1.3. Obtaining Accounts
Authorized DOD and Contractor personnel may request an account on Lancer by submitting a proposal to the AFRL DSRC via email to email@example.com. The proposal should include the following information:
- HPC experience and level of required support
- Project suitability for a Shared Memory system
- Project contribution to the DoD mission and/or HPC technical advancement
- Proposed workload
Direct any questions regarding this non-allocated system to firstname.lastname@example.org.

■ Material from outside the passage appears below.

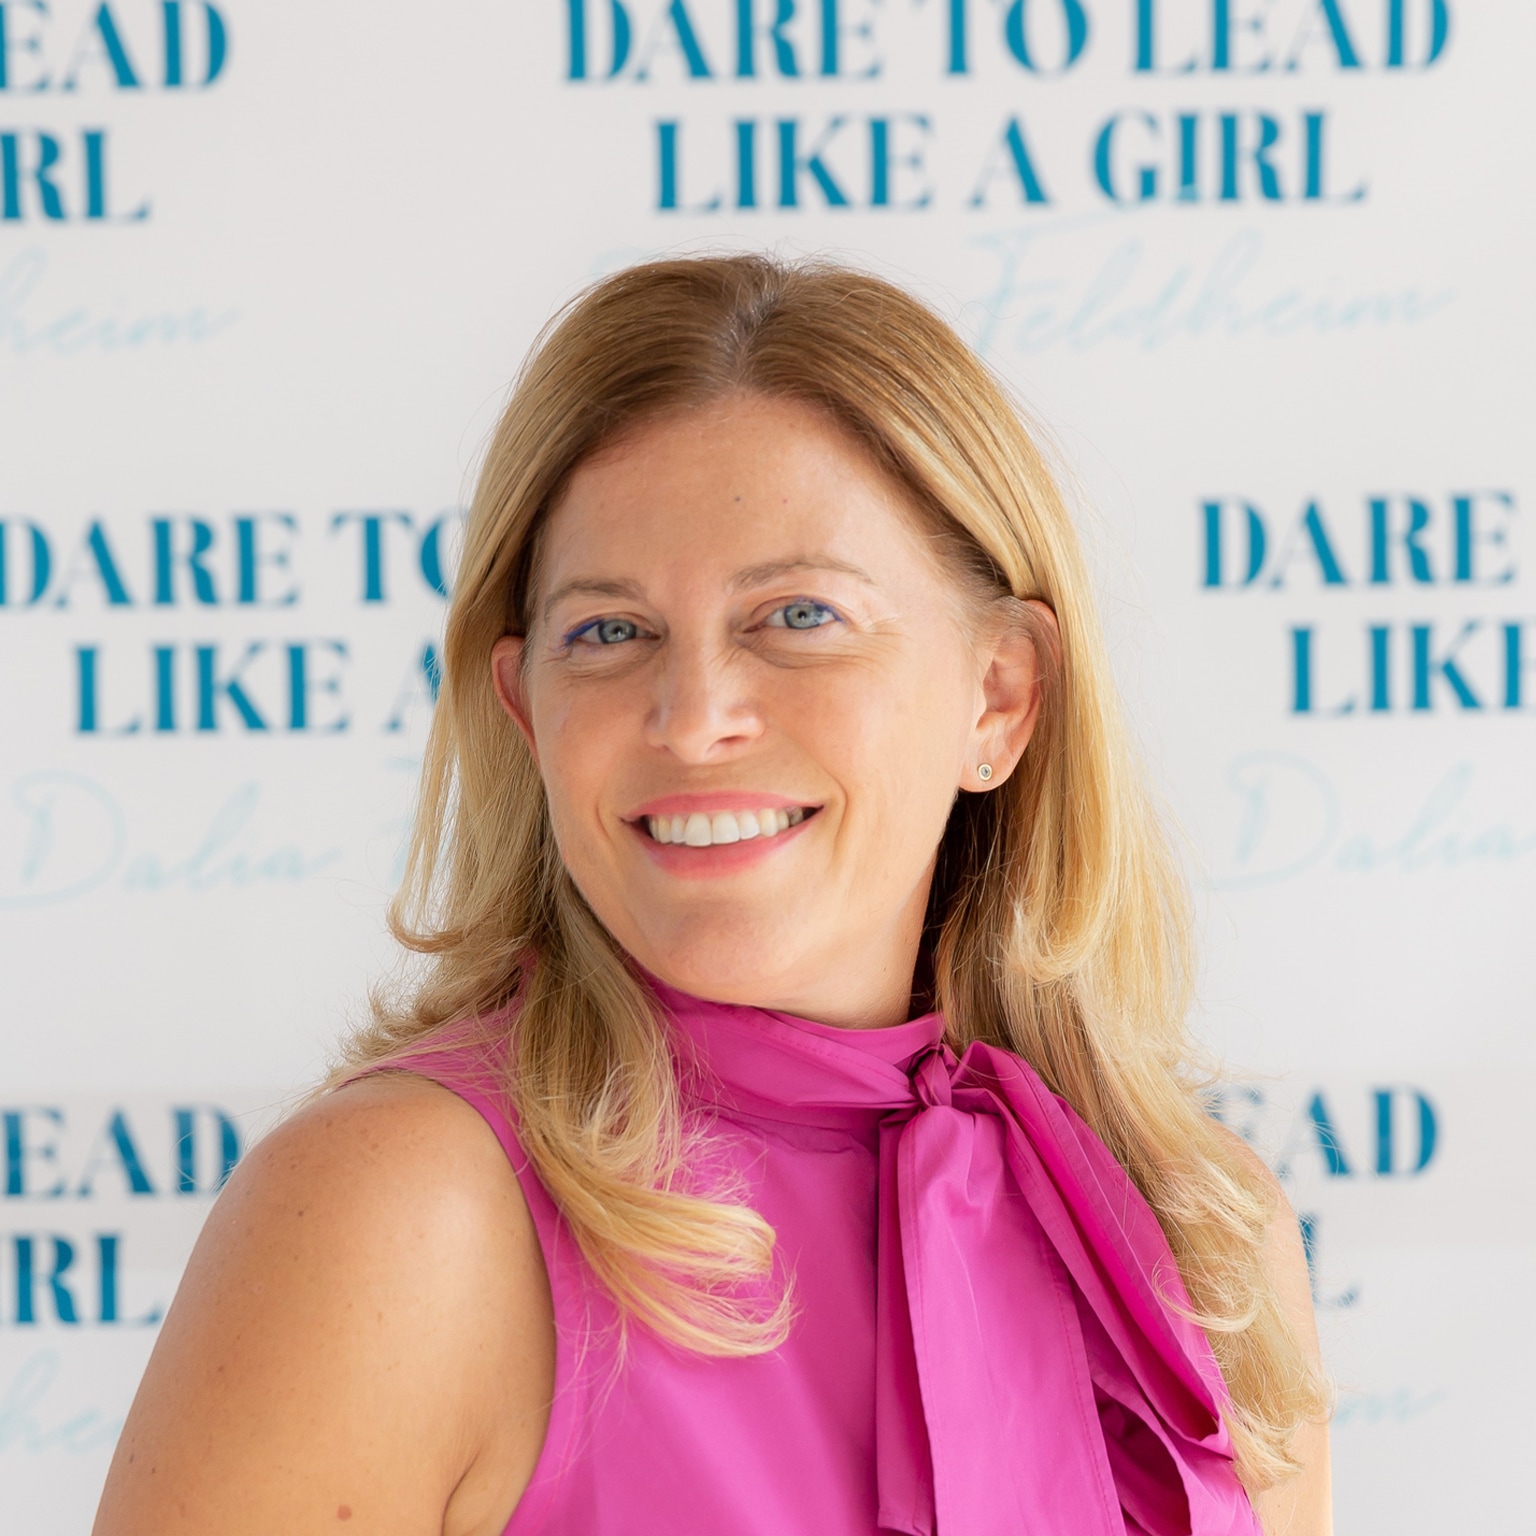 Author Talks: Lead like a girl

1.4. Requesting Assistance
The Consolidated Customer Assistance Center (CCAC) is available to help users with unclassified problems, issues, or questions. Analysts are on duty 8:00 a.m. - 11:00 p.m. Eastern, Monday - Friday (excluding Federal holidays).
For more detailed contact information, please see our Contact Page.
2. System Configuration
2.1. System Summary
Talon is an Aspen Systems Intel system. The project and compute nodes are populated with Intel x86 processors. Talon uses DDR Infiniband as its highspeed network for MPI messages and IO traffic. Talon uses Panasas File System to manage its parallel file system that targets its storage arrays. Talon has 6 project (i.e. user and/or login nodes) that share memory only on the node. Each user node has two 4-core processors (8 cores) with its own CENTOS operating system, sharing 48 GBytes of 1333-MHz DDR3 memory, with no user-accessible swap space. (Note talon1 and talon6 have only 24 GBytes of memory.) Talon has 12 compute nodes that share memory only on the node; memory is not shared across the nodes. Each compute node has two 4-core processors (8 cores) with its own CENTOS operating system, sharing 24 GBytes of DDR3 memory, with no user-accessible swap space. Talon is rated at 1.07 peak TFLOPS and has 35 TBytes (formatted) of disk storage.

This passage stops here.